**DIRECTIONS:**
What's needed is an exact copy of all the data below, without pictures.

**SOURCE MATERIAL:**
········

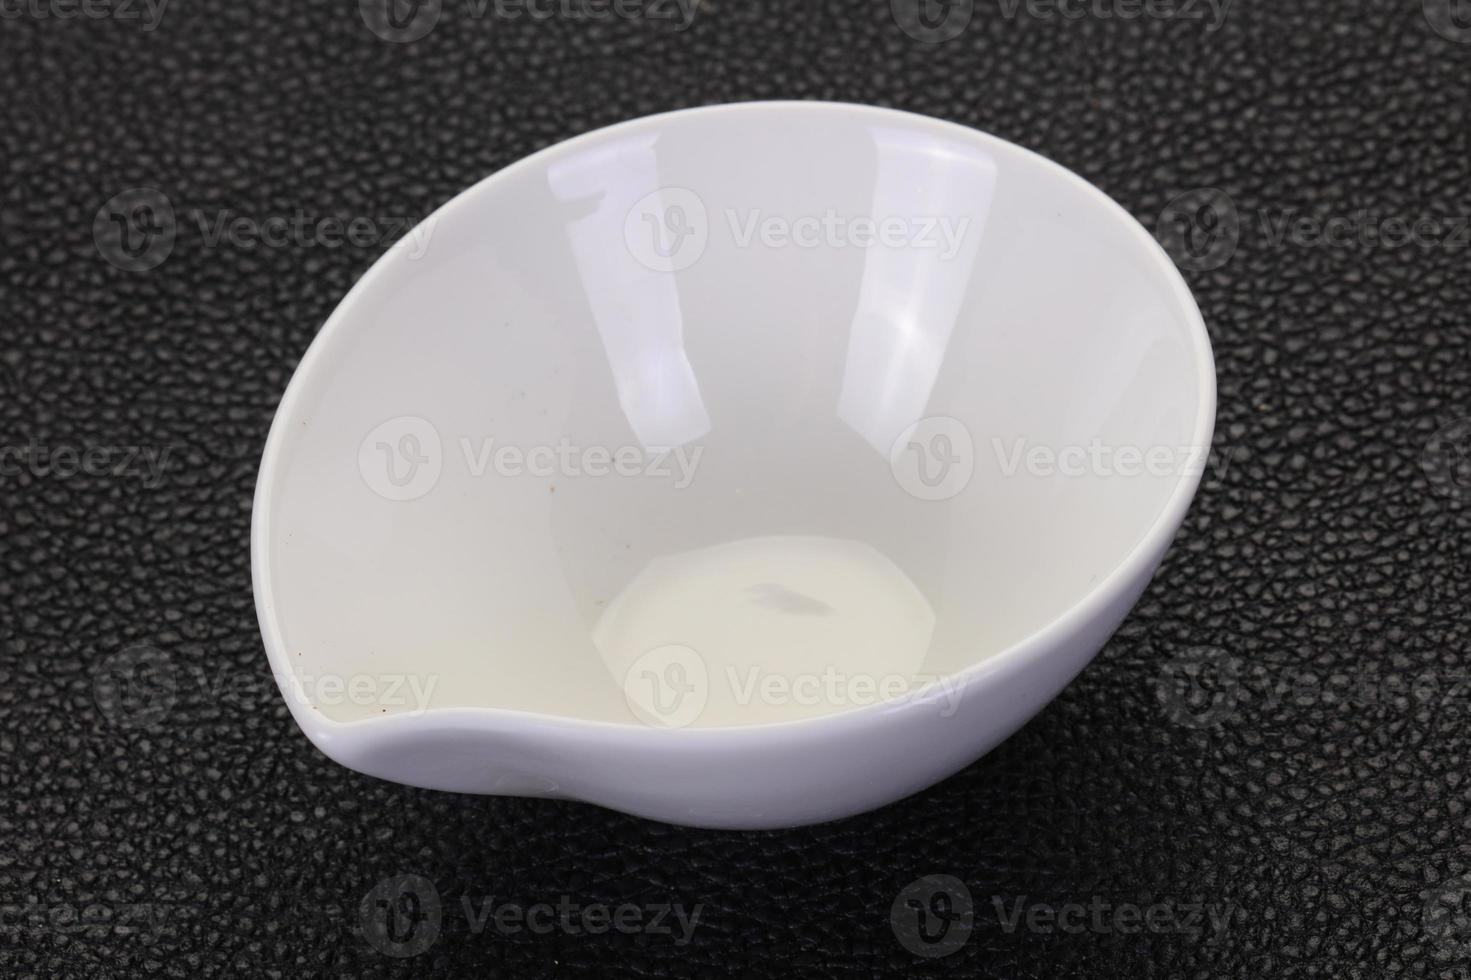 White porcelain bowl photo
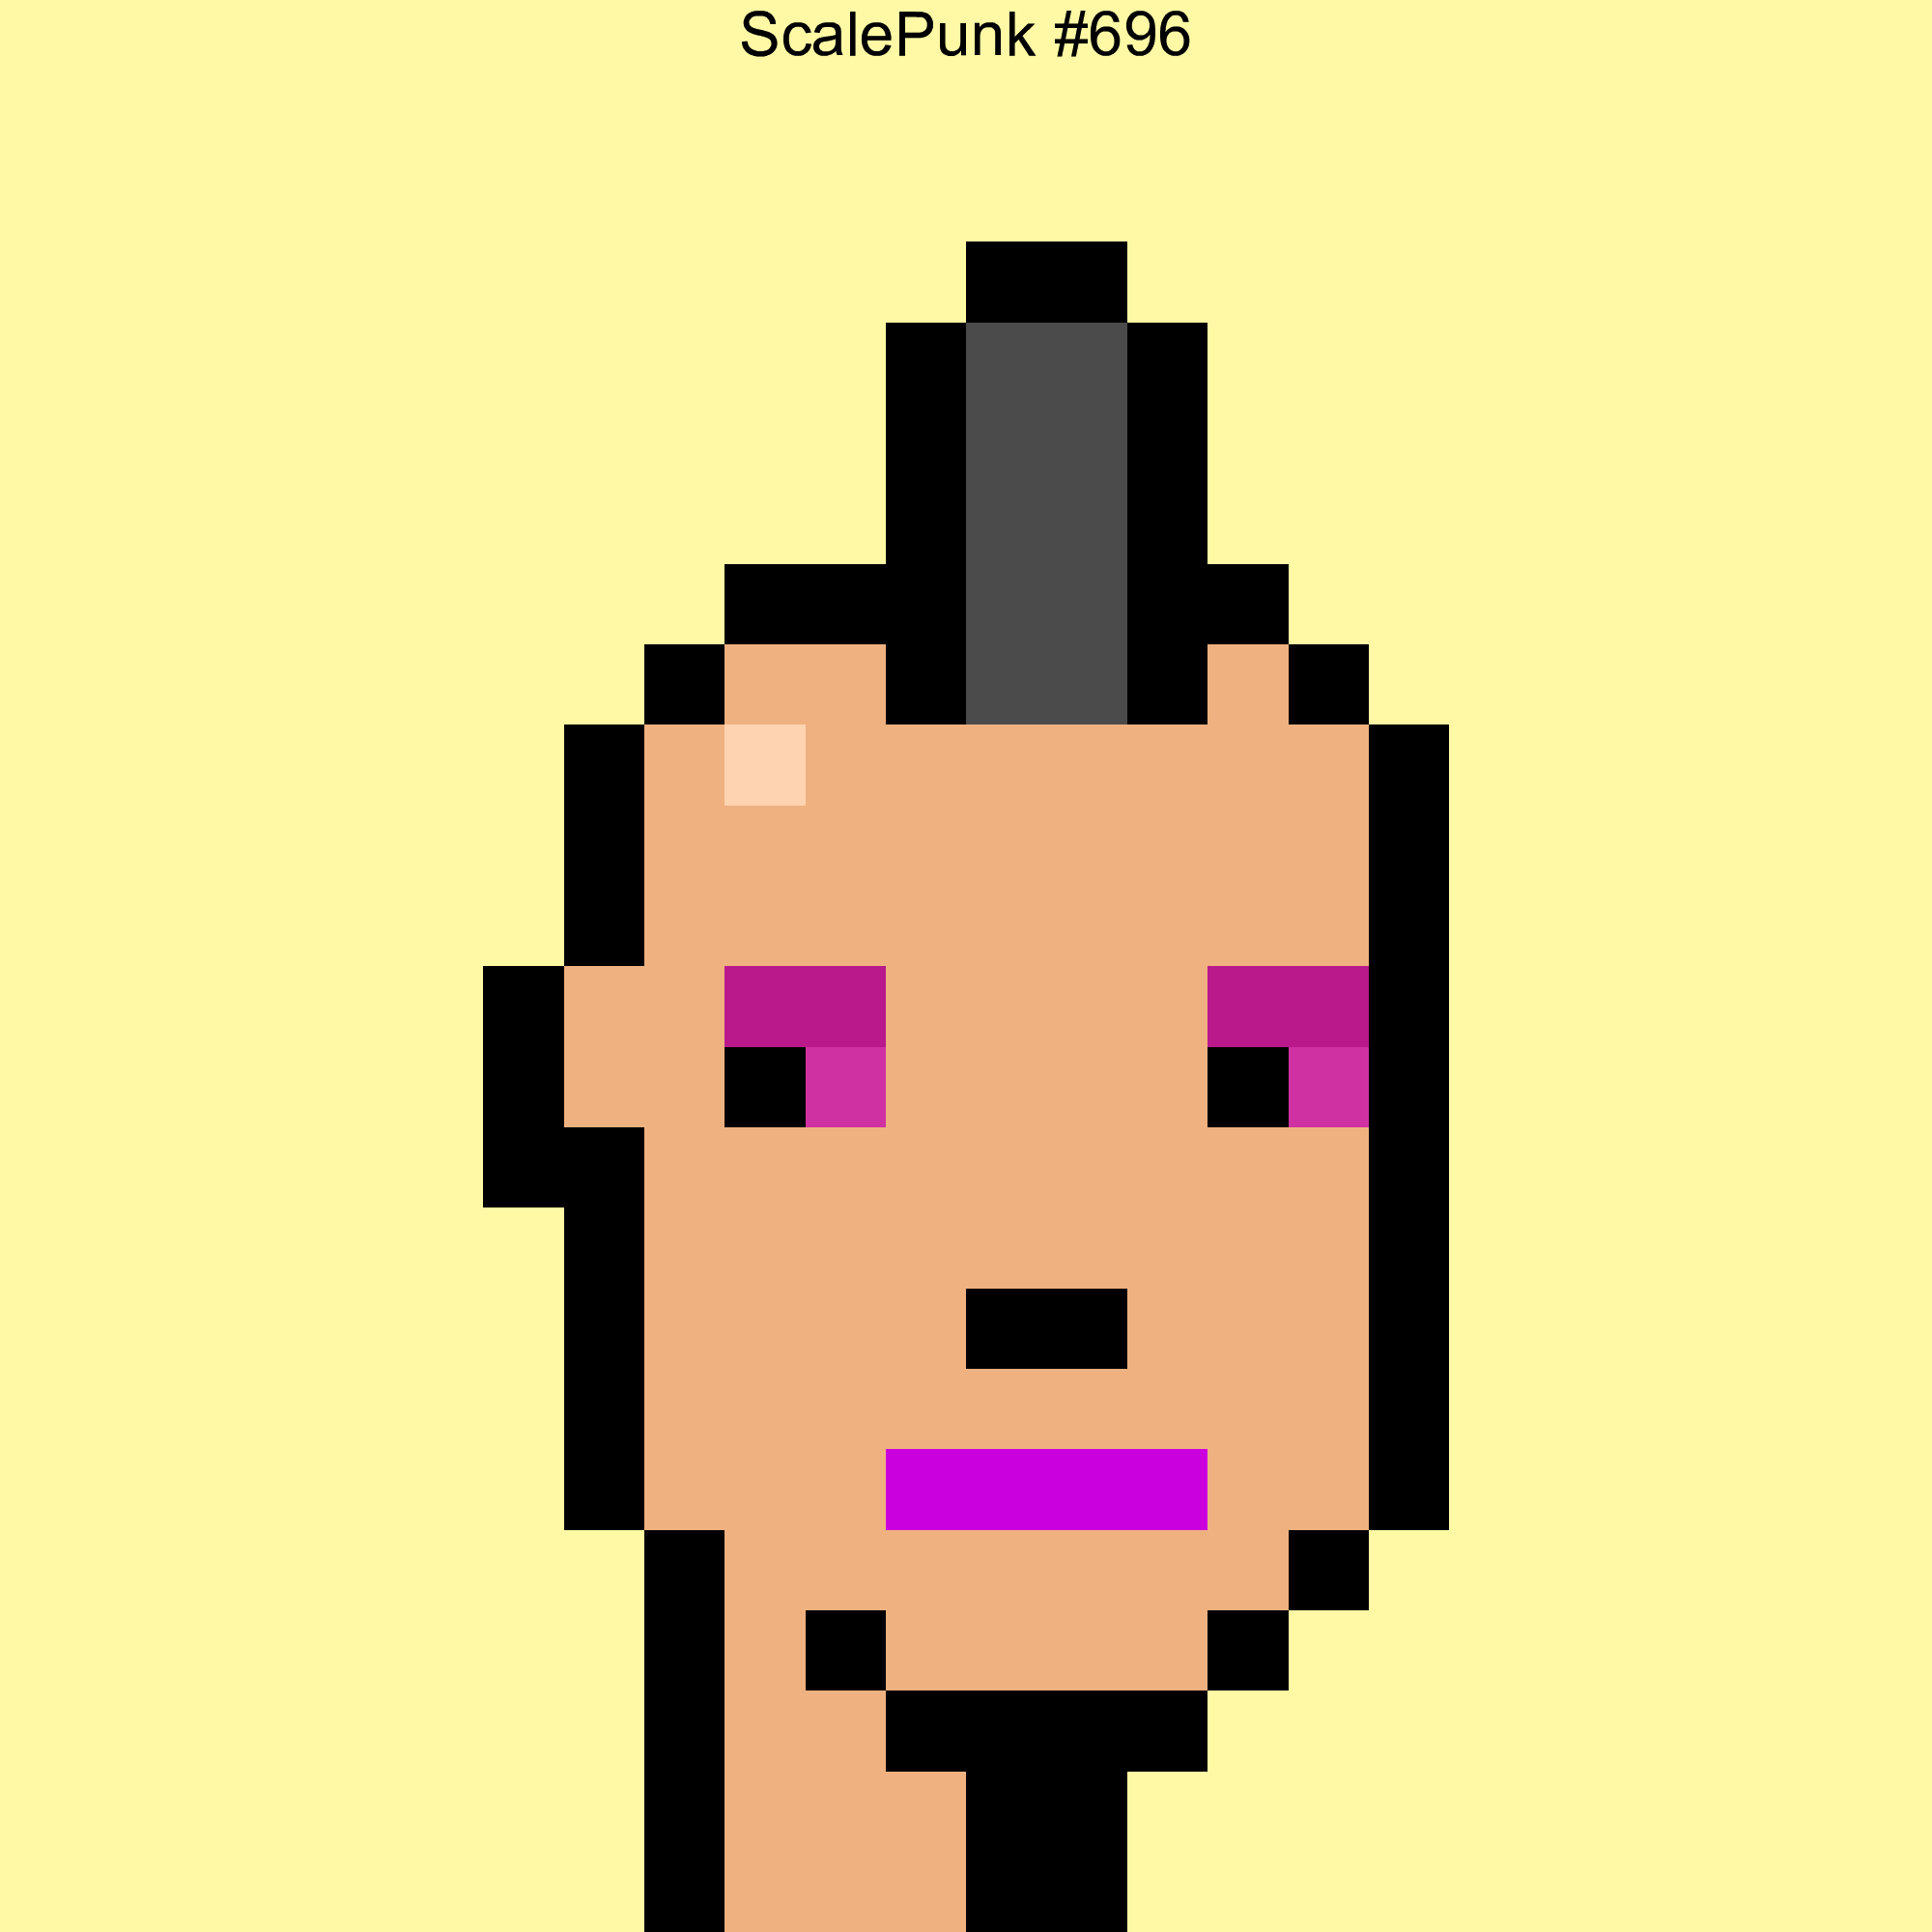 Punk 696
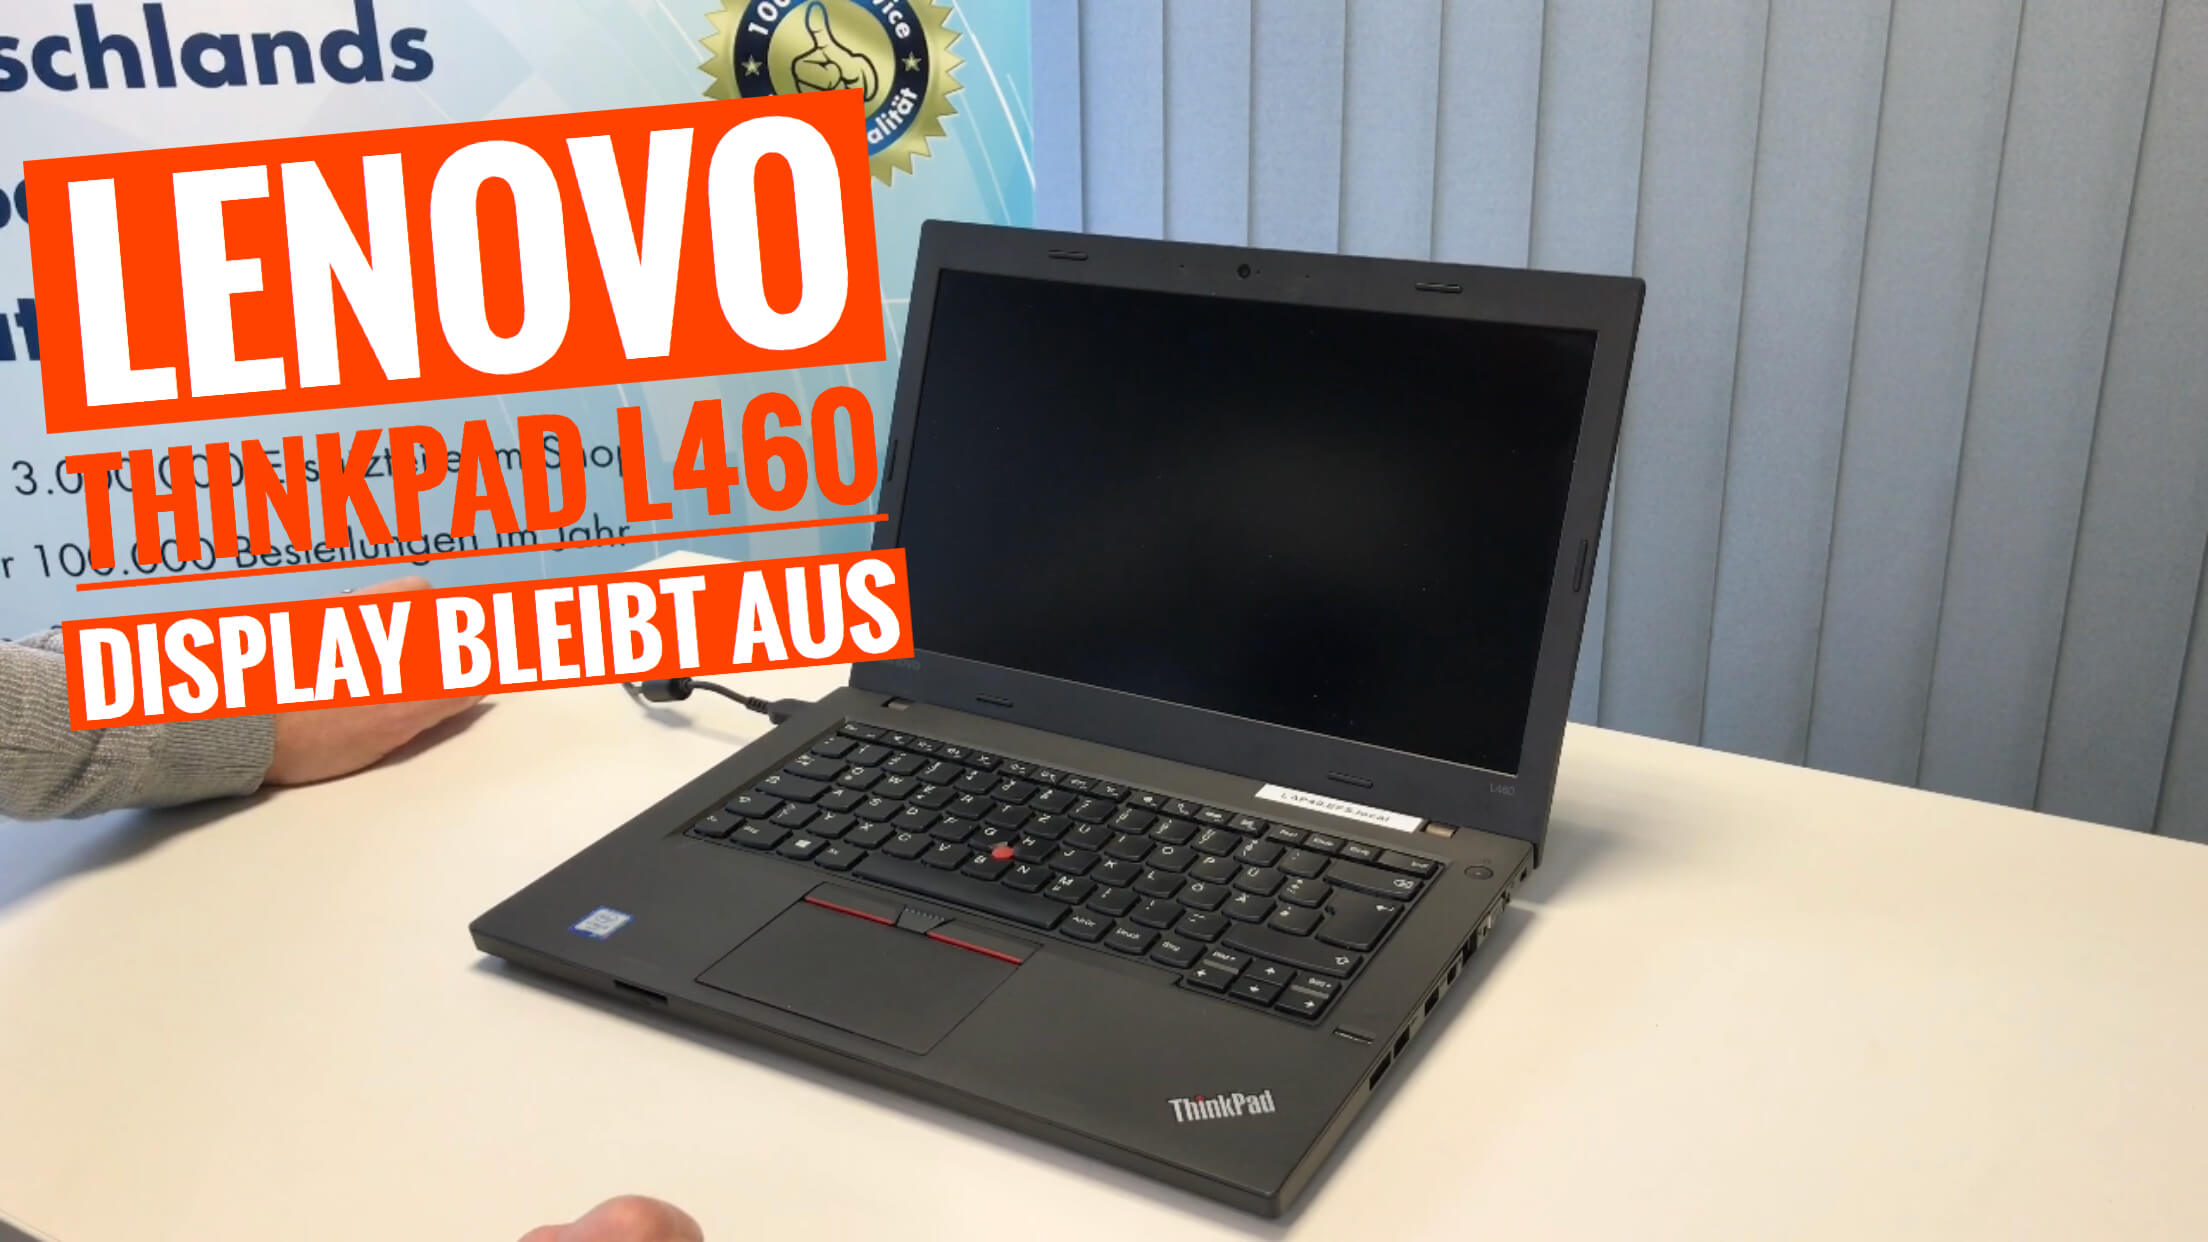 Lenovo ThinkPad L460 Display bleibt aus

········

**RESULT OF THIS TASK:**
 White porcelain bowl photo
 Punk 696
 Lenovo ThinkPad L460 Display bleibt aus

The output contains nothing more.